§ **Problem**
From the first line to the last, restate the data exactly, leaving out the images.

§ **Data**
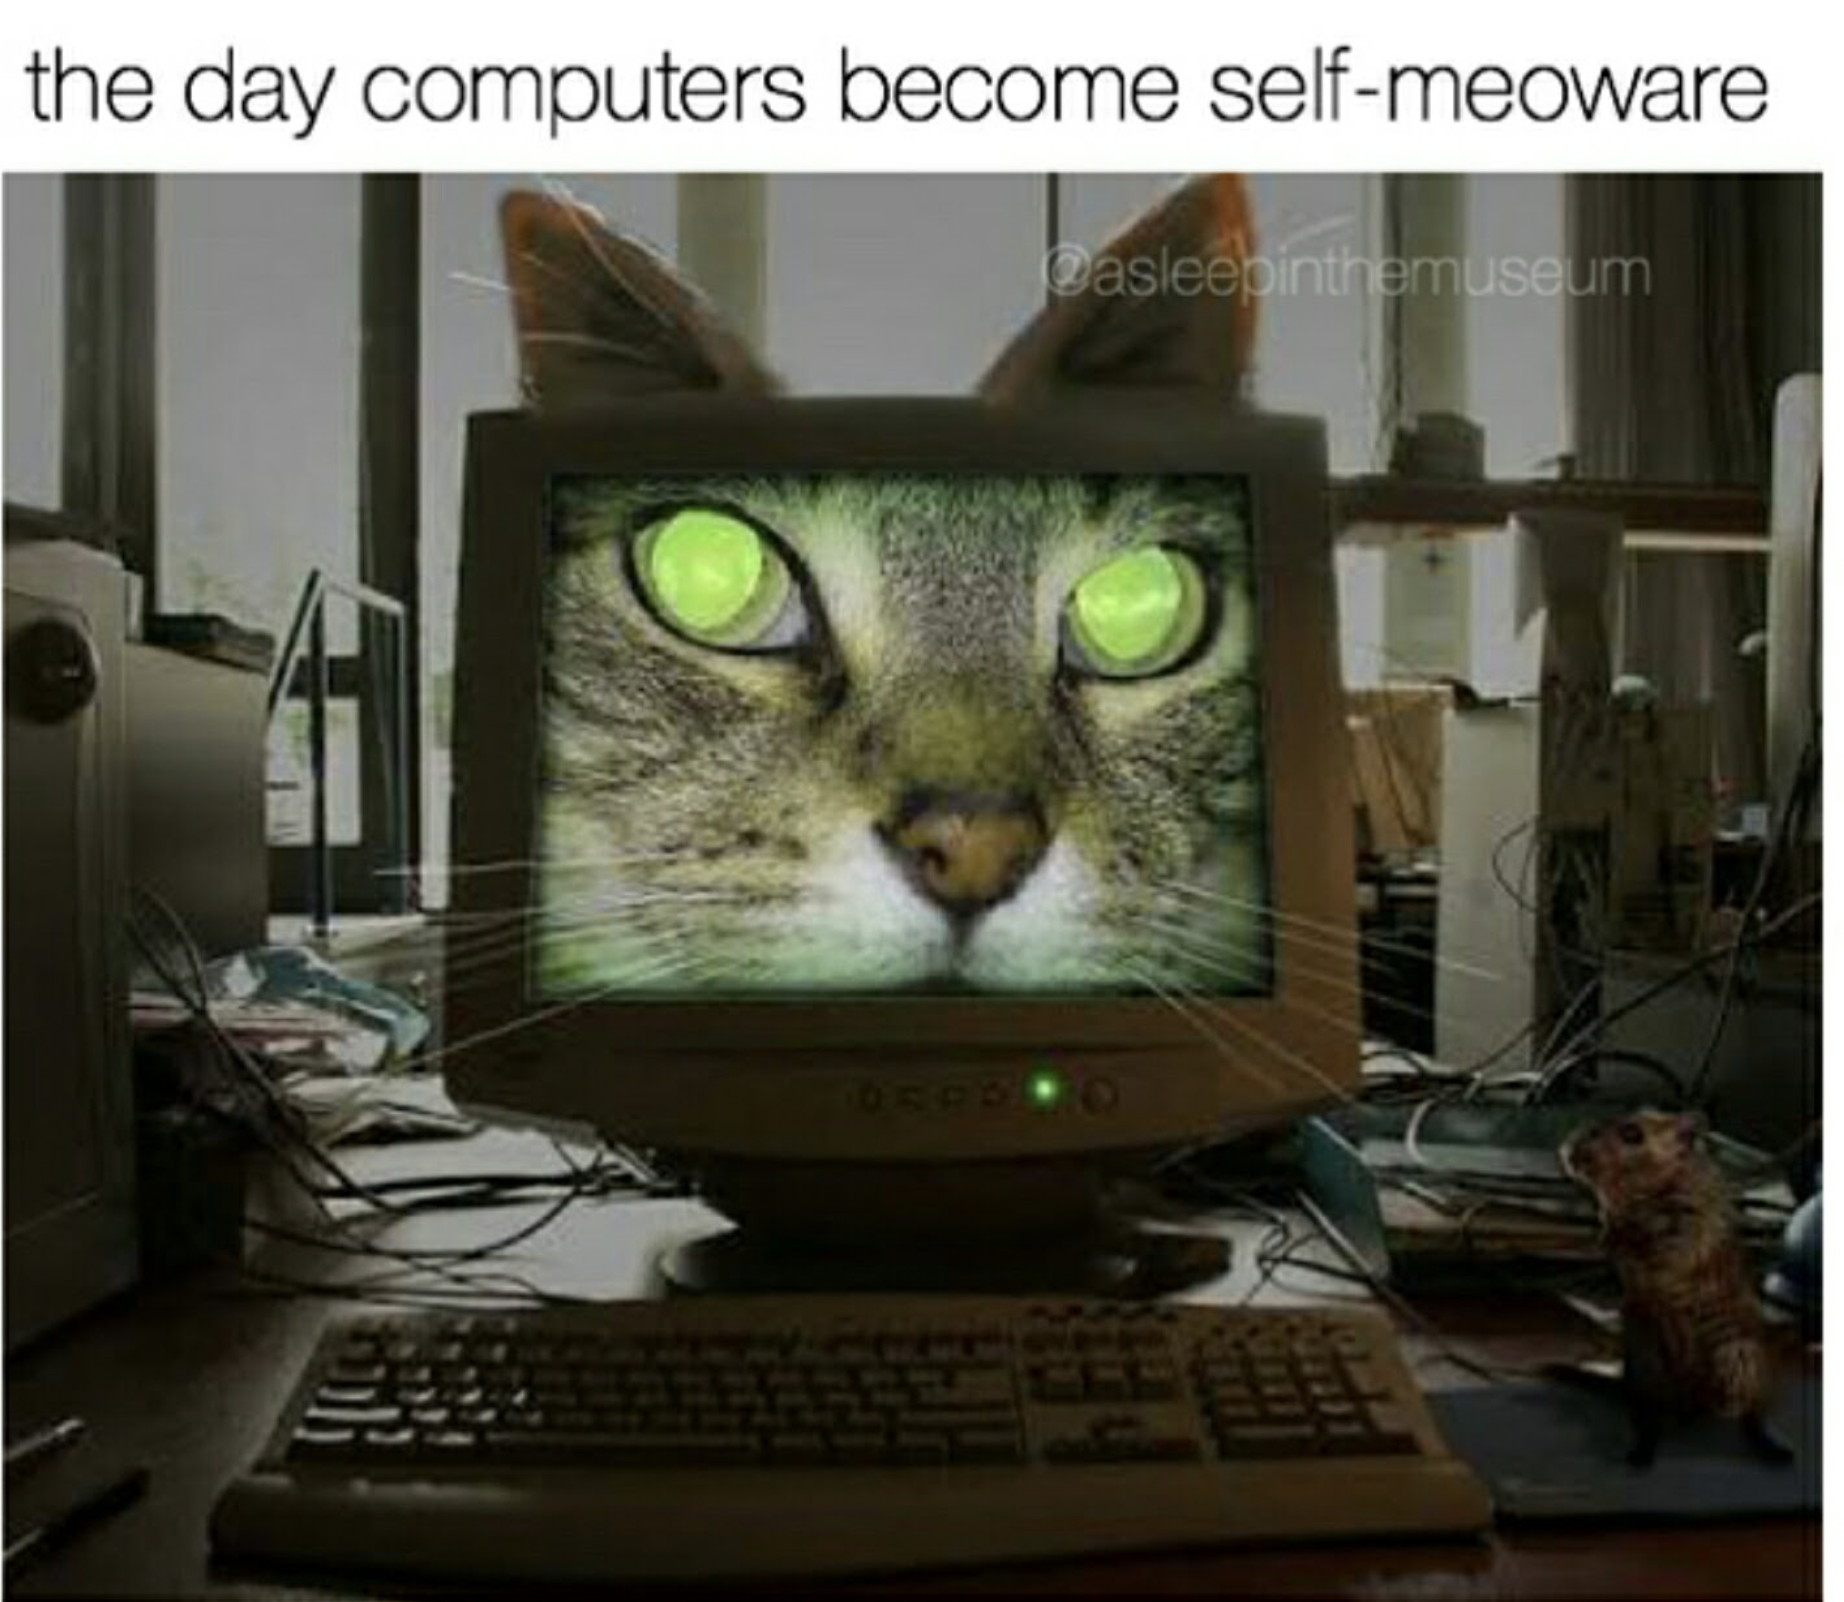 gaming memes  - windows 98 monitor - the day computers become selfmeoware Dasleepinthemuseum
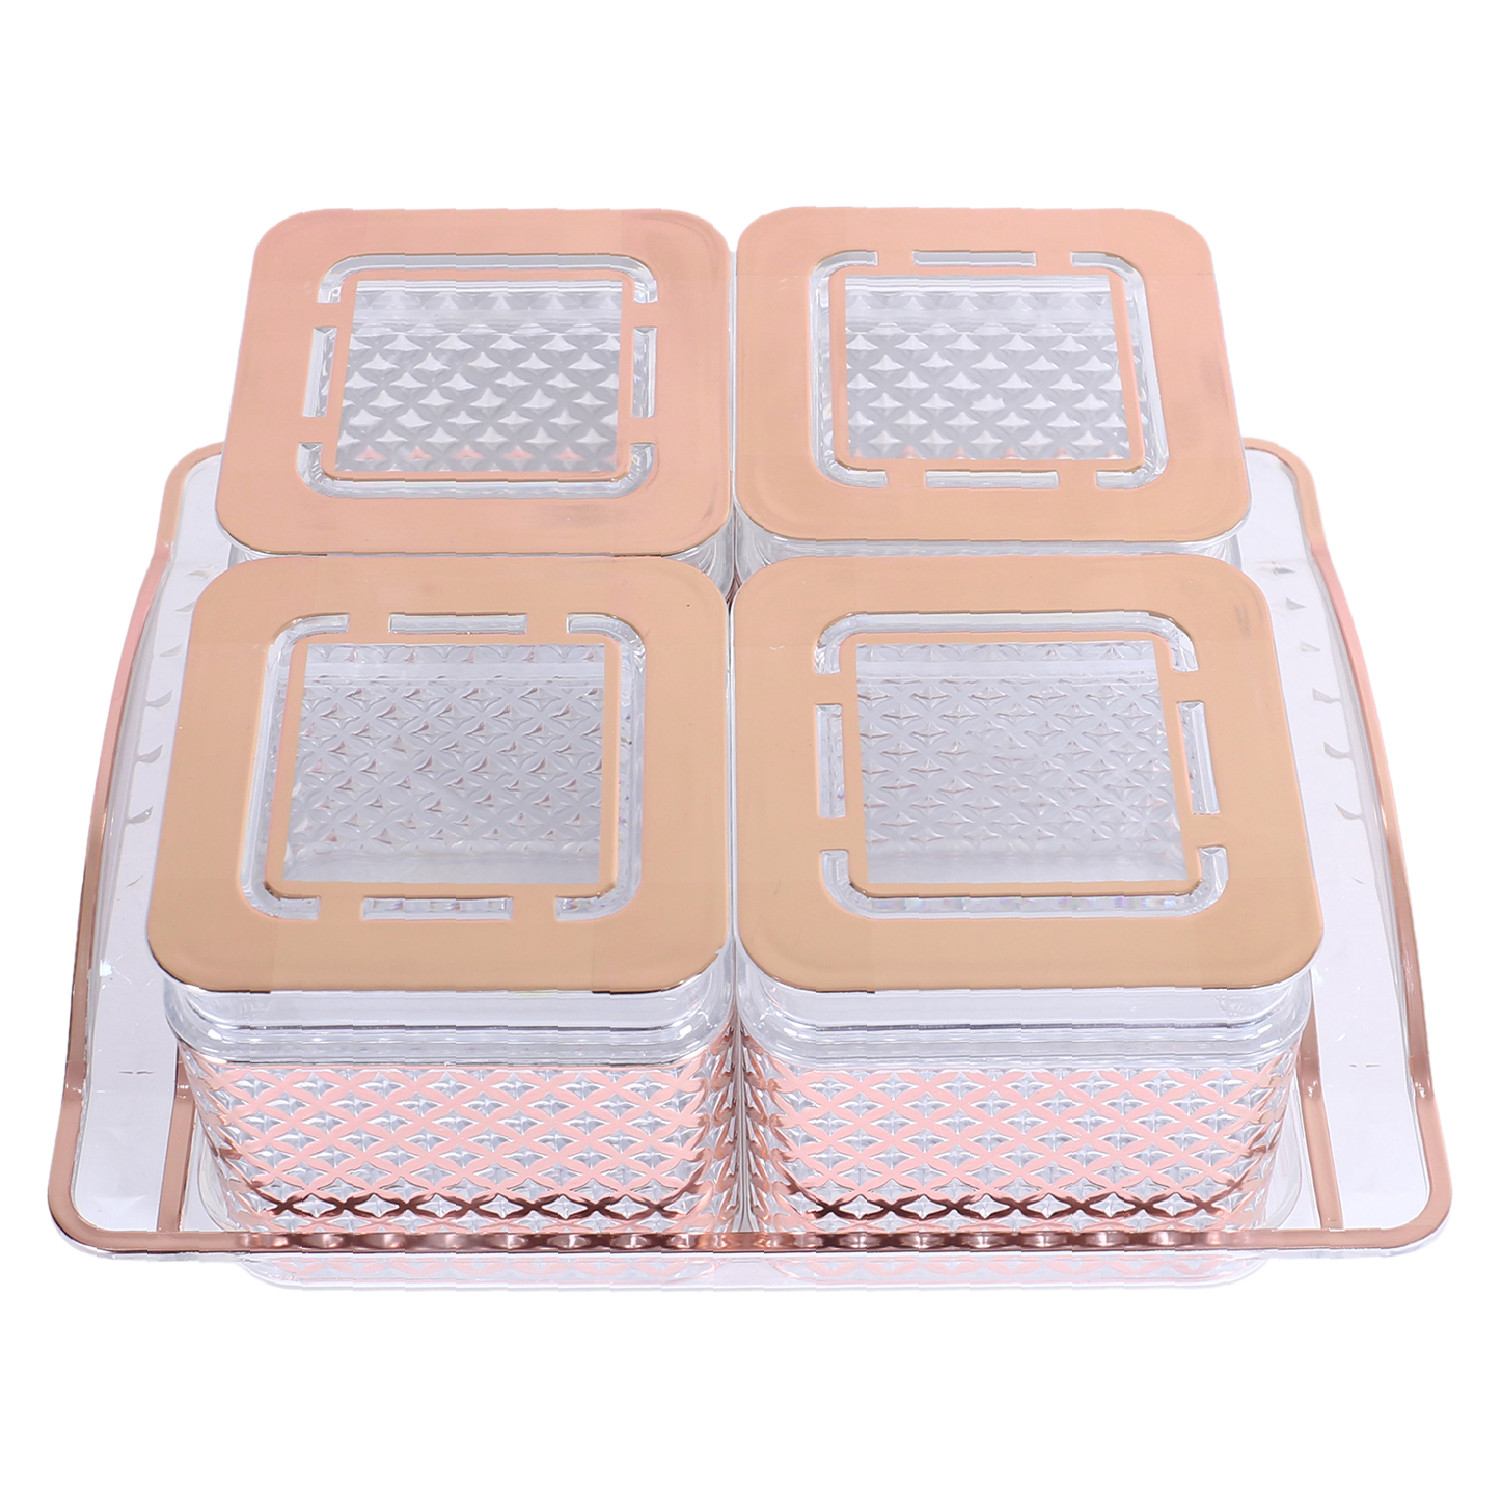 Kuber Industries 4 Containers & Tray Set|Unbreakable Plastic Snackers,Cookies,Nuts Serving Tray|Airtight Containers with Lid,400 ml (Peach)
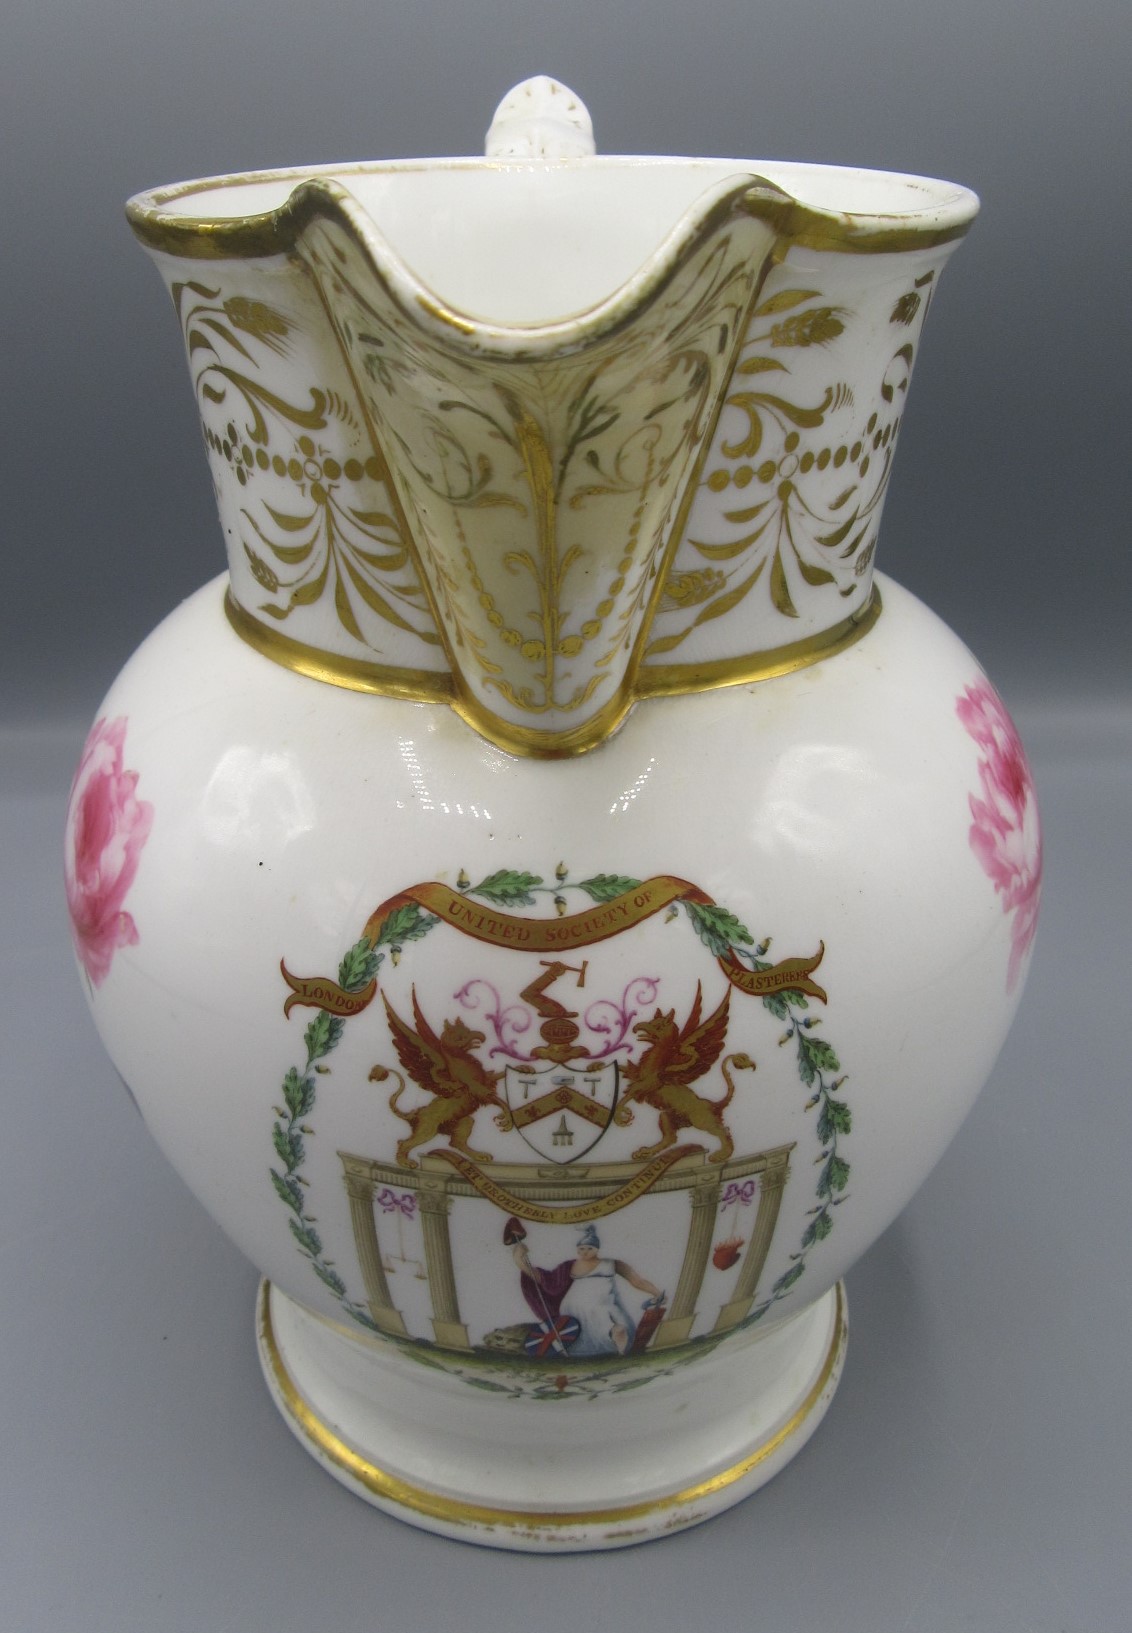 An English porcelain jug, late 18th/early 19th century, inscribed 'United Society of Plasterers,

§ **Result of the exercise**
 gaming memes  - windows 98 monitor - the day computers become selfmeoware Dasleepinthemuseum
 Kuber Industries 4 Containers & Tray Set|Unbreakable Plastic Snackers,Cookies,Nuts Serving Tray|Airtight Containers with Lid,400 ml (Peach)
 An English porcelain jug, late 18th/early 19th century, inscribed 'United Society of Plasterers,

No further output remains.